Fisherman whose engines failed due to the water hyacinth on Lake Victoria sit idle. Photo/Francis Emorut

"At least my customers will be happy to see me not empty handed but carrying the delicacy after waiting for three days without fish," Naseje said.

Hadija Namawada observed that the re-emergence of the water hyacinth on the second largest fresh water lake in the world has led to the damage of some fishermen's boat engines.

"Some of the fishermen's engines have been spoilt due to the water hyacinth and this has impacted on their livelihood," Namawada said. 

"We no longer catch large quantities of fish due to the water hyacinth which has caused fish to move to another part (site) of the lake," Patrick Senyonga, a fisherman, said.


Fishermen wading through water hyacinth on Lake Victoria. Photo/Francis Emorut

He explained that matters have been made worse as the water hyacinth attracts snakes thus exposing them to more danger.

Senyonga was last month beaten by a snake.

The delegation that visited projects in Masaka, Kalungu and Rakai was led by Telly Eugene Muramira, the deputy executive secretary of projects and programs Lake Victoria Basin Commission.

Fishermen cry out

Ronald Baale Sentamu, a fisherman, pointed out that fish prices have sky rocketed; children and family at large have been deprived of nutrition as well as preventing some from going to school especially for parents whose income is derived from fish.

Sentamu explained that fish which used to cost sh15,000 now costs 20,000 while that of sh30,000 now goes at sh40,000.

John Kalyango, another fisherman said his friends had died of snake bites after failing to get medical attention.

John Mutagubya, the chairman of Beach Management Unit (BMU) Kamuwuunga landing site explained that the water hyacinth has blocked the pathways fishermen use while rowing their boats to the fish catchment area.

He called for government intervention.

Haji Walakira Kamanda, the vice chairman of BMU noted that when the strong wind blows the water hyacinth it blocks the pathways.

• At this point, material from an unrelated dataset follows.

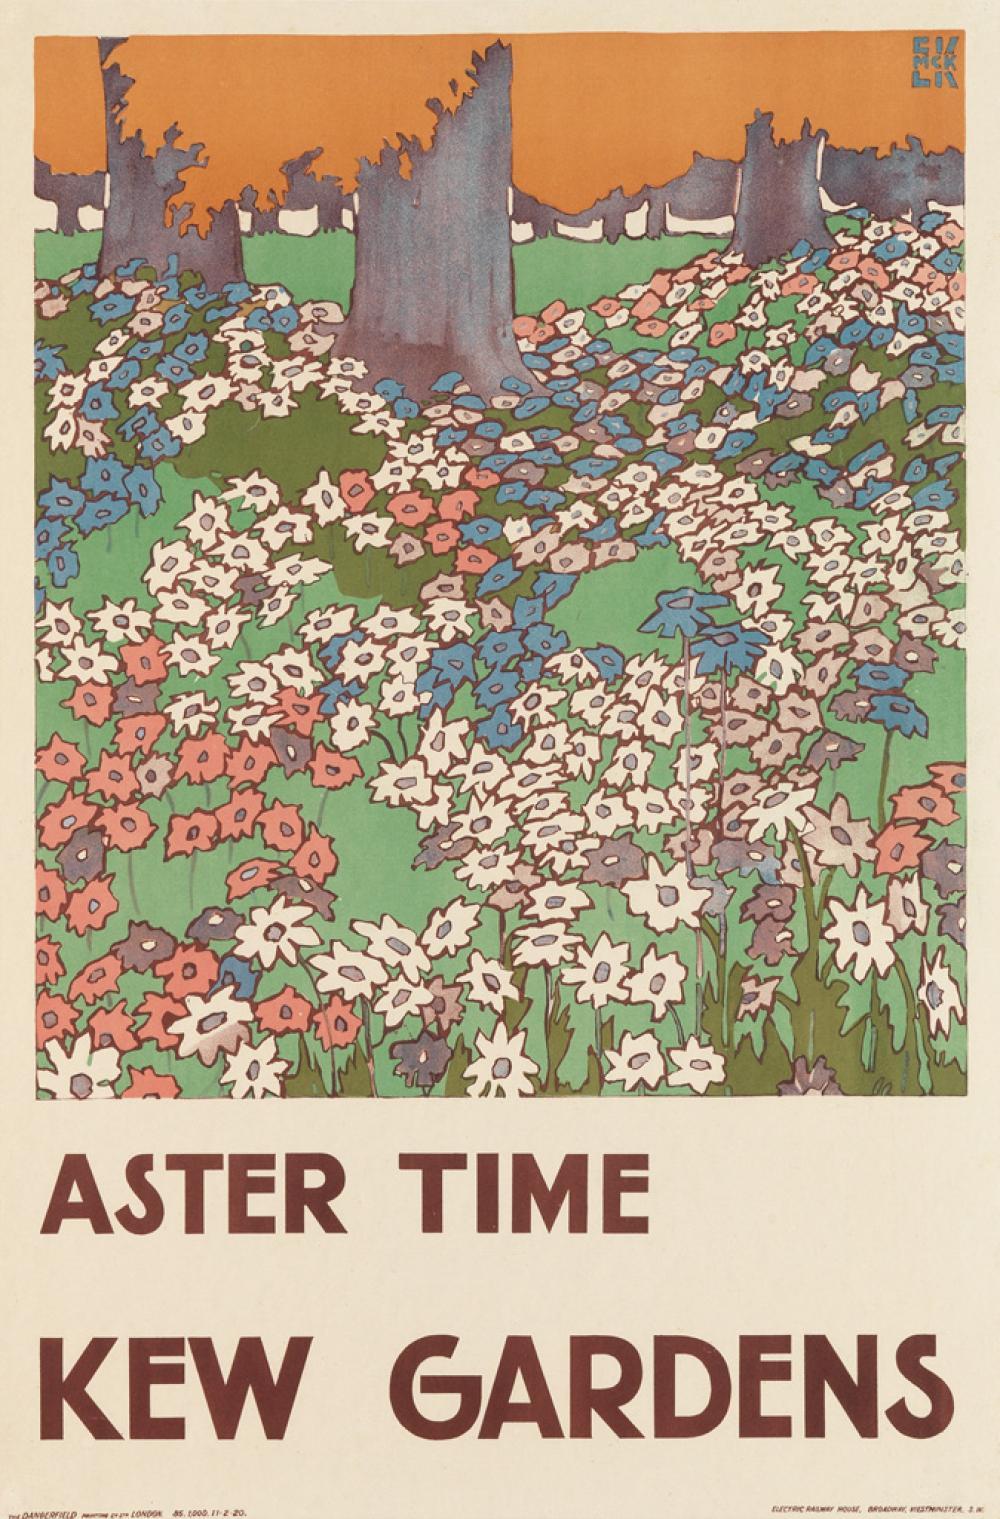 EDWARD MCKNIGHT KAUFFER (1890-1954). ASTER TIME / KEW GARDENS. 1920. 29x19 inches, 75x50 cm. The Dangerfield Printing Co., Ltd., London

Kamanda also appealed to consumers not to complain about the high prices.

Agnes Namirembe is worried women will be widowed due to snake bites.

According to the ministry of agriculture training manual developed by LVEMPII on how to combat the water hyacinth, four different mechanical techniques have been recommended.

They are hydraulic harvester, dredger, take out elevators and aquatic weed harvester.

Other recommended control mechanisms are manual removal which is labour intensive, chemical application which is environmental unfriendly and mechanical.